The South African automotive industry accounts for about 10% of South Africa’s manufacturing exports, contributes 7.5% to the country’s GDP and employs around 36,000 people. Vehicle exports were in the region of 170,000 units in 2007, exported mainly to Japan (about 29% of the value of total exports), Australia (20%), the UK (12%) and the US (11%). South Africa also exported ZAR 30.3 billion worth of auto components in 2006.

The outlook for the vehicle industry is bright in terms of both exports and the domestic market. A key challenge will be to raise local content, particularly in the vehicles now being exported in large volumes.

The other major industry is the ICT & Electronics which can be divided into three sub sectors:

Telecommunication, Electronics and Information Technology

The telecommunications industry is thriving contributing more than 7% to South Africa’s gross domestic product (GDP). With approximately 5.5 million installed fixed-line telephones, South Africa is ranked 23rd in telecommunications development in the world and represents more than 30% of the total lines installed in South Africa.

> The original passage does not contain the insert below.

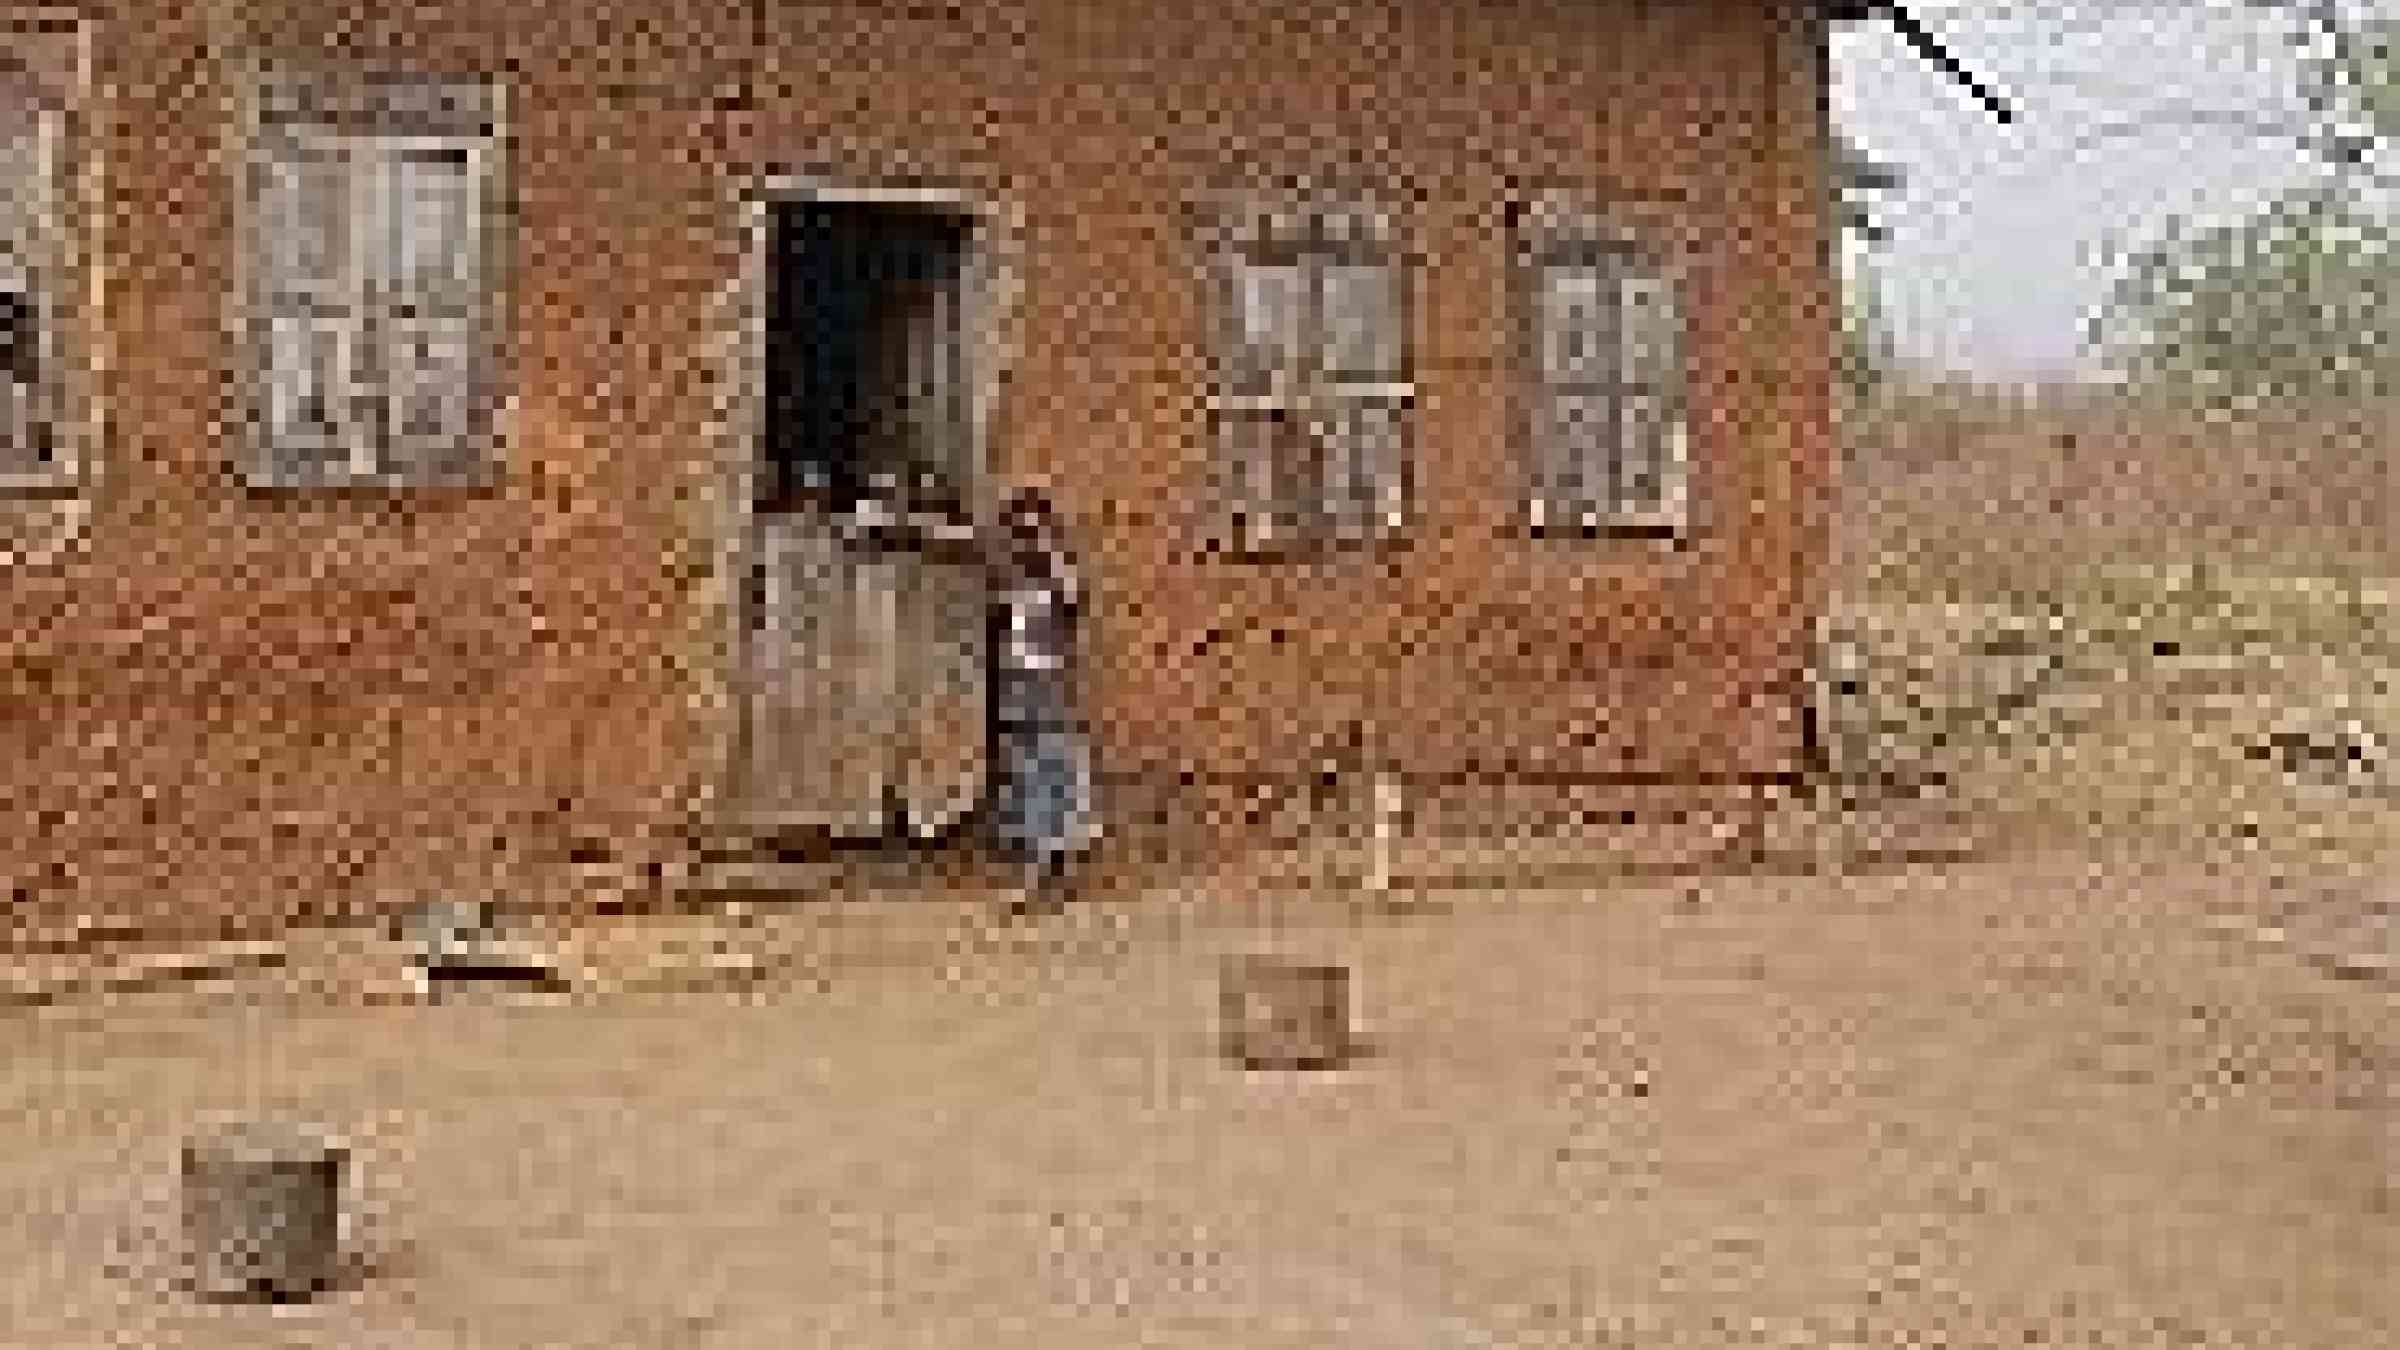 Photo of children in front of a mud house in Nigeria by Flickr user, IITA image library, Creative Commons Attribution 2.0 Generic (CC BY 2.0)

Growing at a rate of 50% per year and fourth fastest growing cell phone market in the world the South African GSM cell phone market has three operators: Vodacom, MTN and Cell-C. Some of the worlds leading telecommunication brands like Siemens, Alcatel, SBC Communications, Telecom Malaysia, Cell C and Vodafone have made significant investments in the country. Investment opportunities lie in the development of access control systems and security equipment, automotive electronic subsystems, systems and software development in the banking and financial services sector, silicon processing for fiber optics, integrated circuits and solar cells. There are also significant opportunities for the export of hardware and associated services as well as software and peripherals.

Service Sector

It contributes 65% of the total GDP. Financial sector and tourism play a major role in this sector.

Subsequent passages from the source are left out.